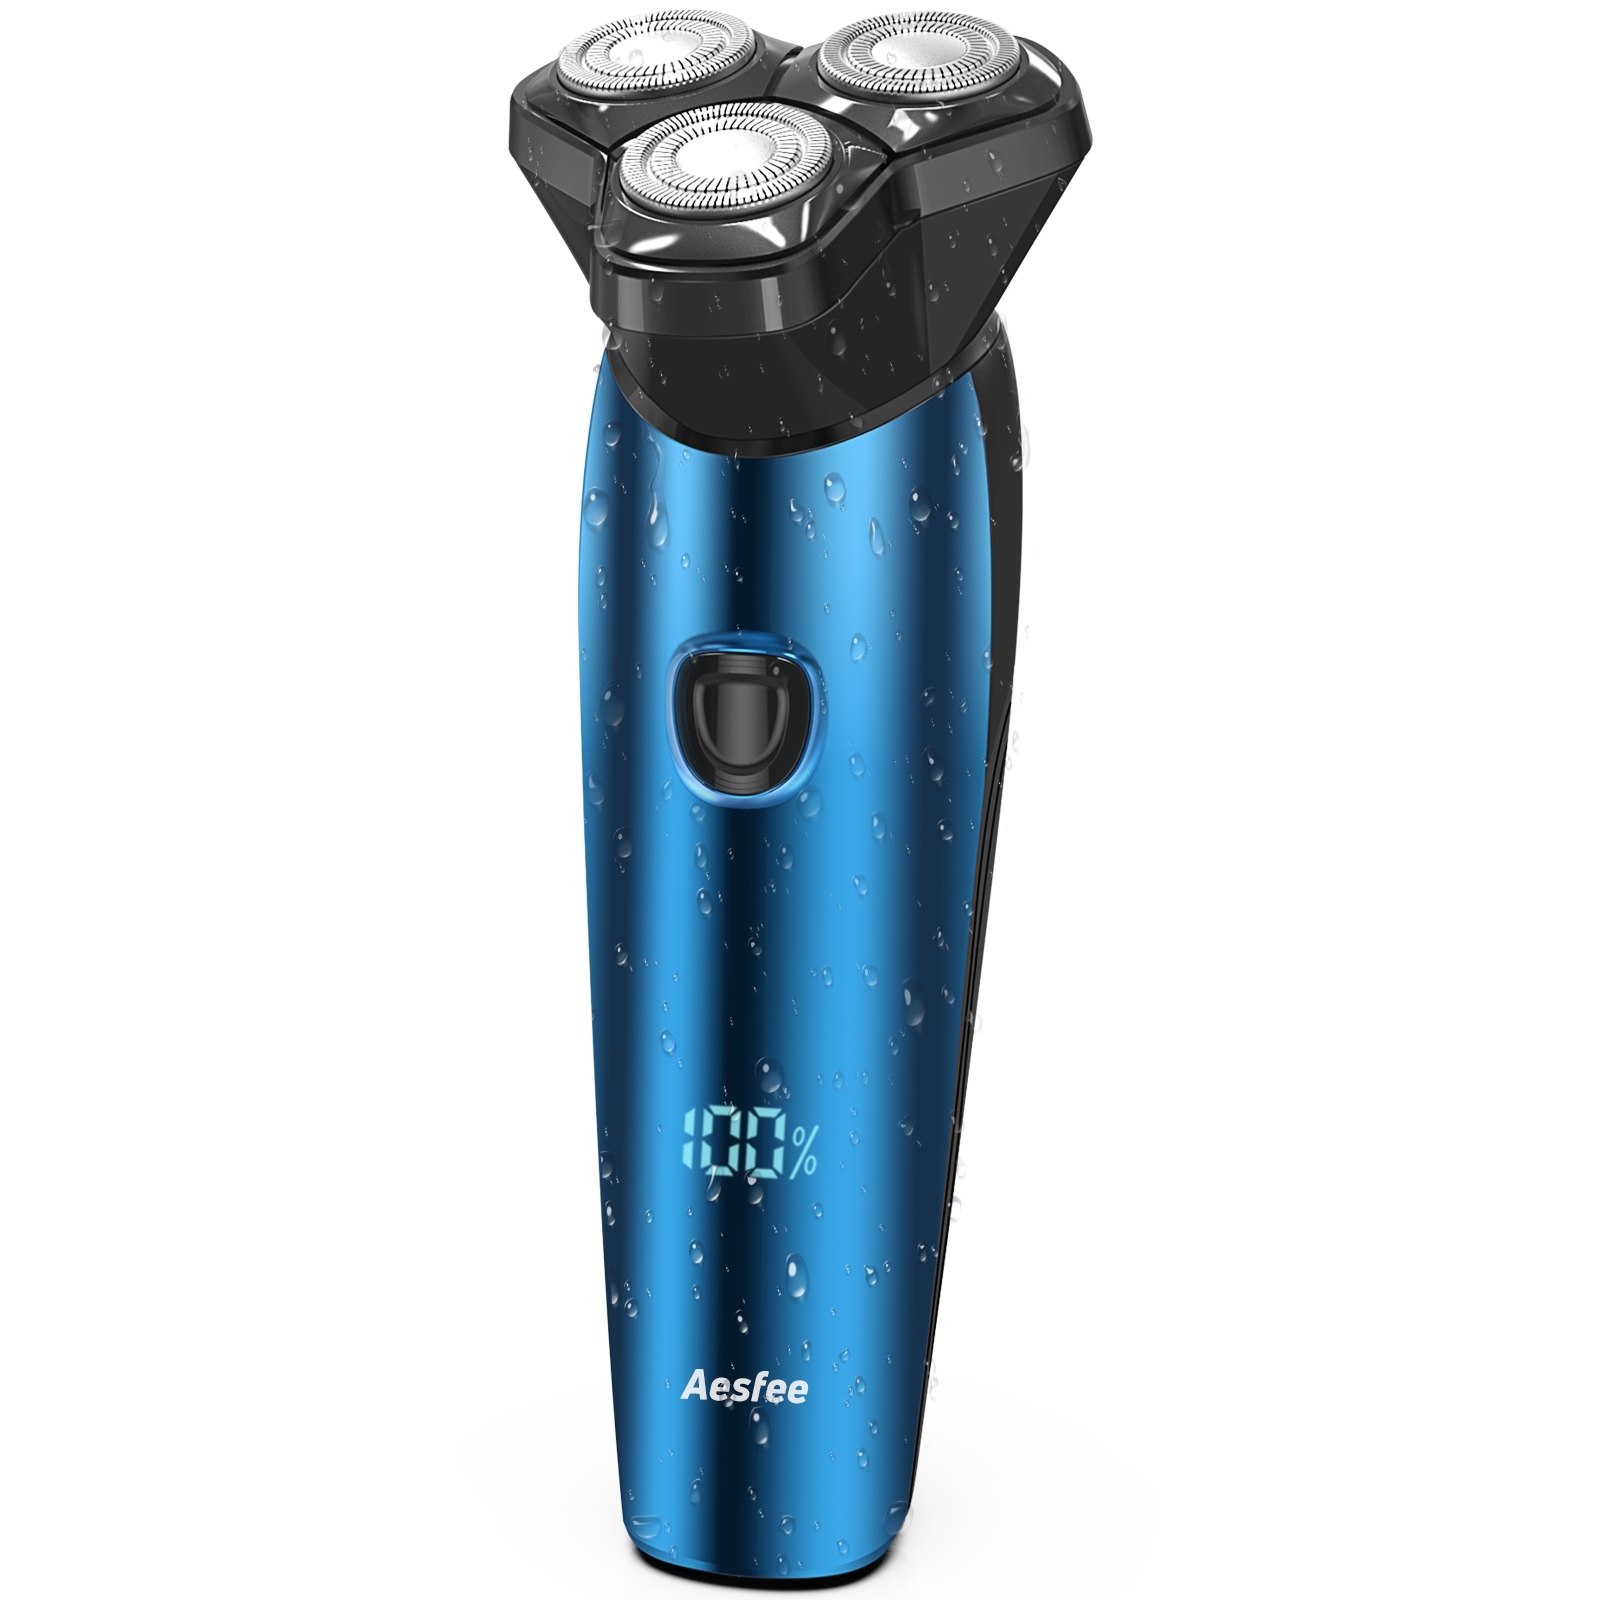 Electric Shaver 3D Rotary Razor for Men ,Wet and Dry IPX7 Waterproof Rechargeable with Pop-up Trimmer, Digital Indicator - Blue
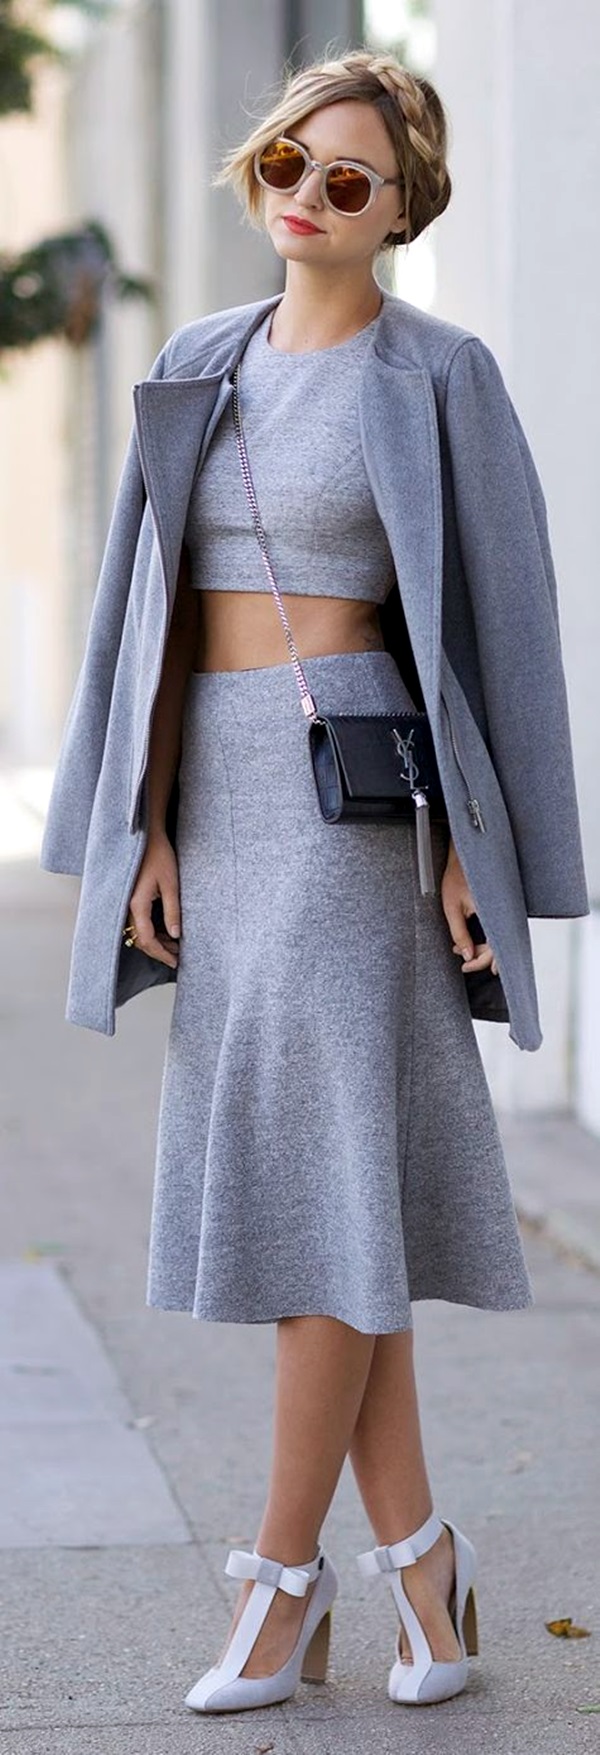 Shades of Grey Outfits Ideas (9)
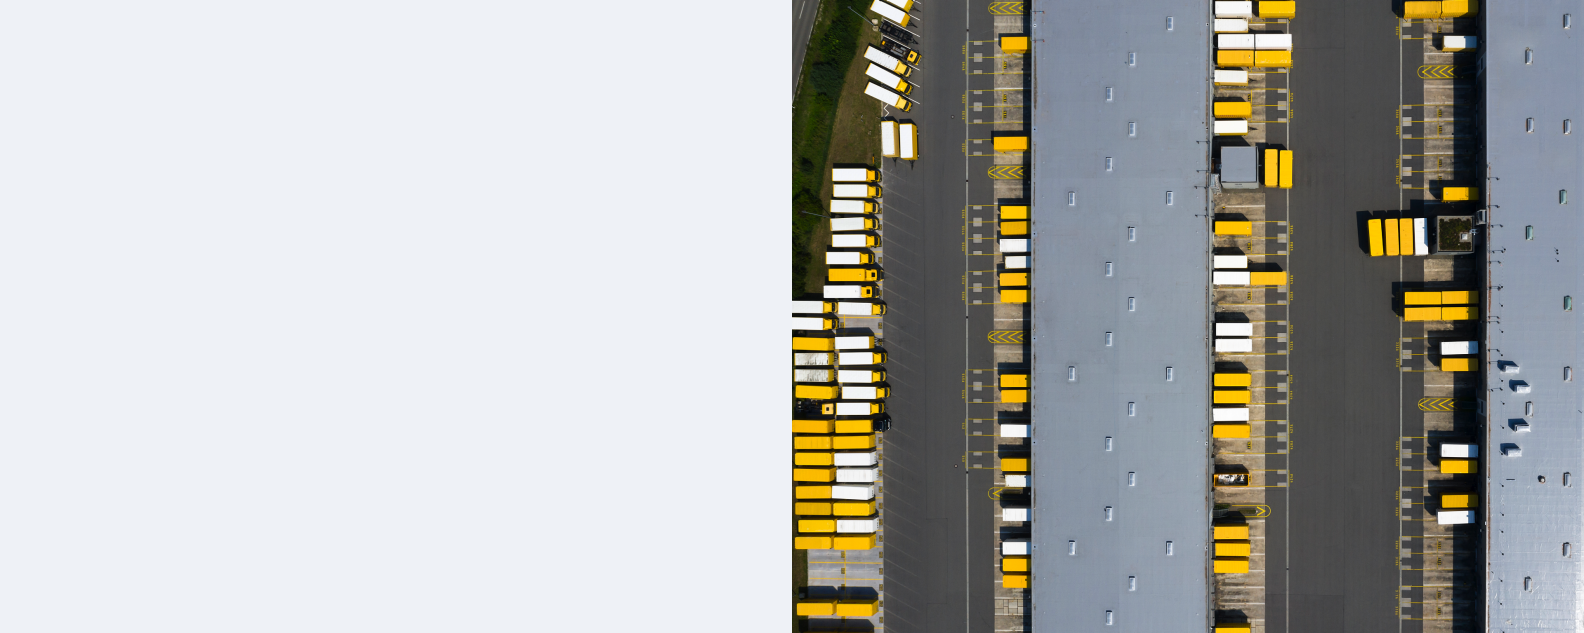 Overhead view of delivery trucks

What the task asks: Would it be possible to give the material above again exactly, with the pictures left out?

Solved problem:
 Electric Shaver 3D Rotary Razor for Men ,Wet and Dry IPX7 Waterproof Rechargeable with Pop-up Trimmer, Digital Indicator - Blue
 Shades of Grey Outfits Ideas (9)
 Overhead view of delivery trucks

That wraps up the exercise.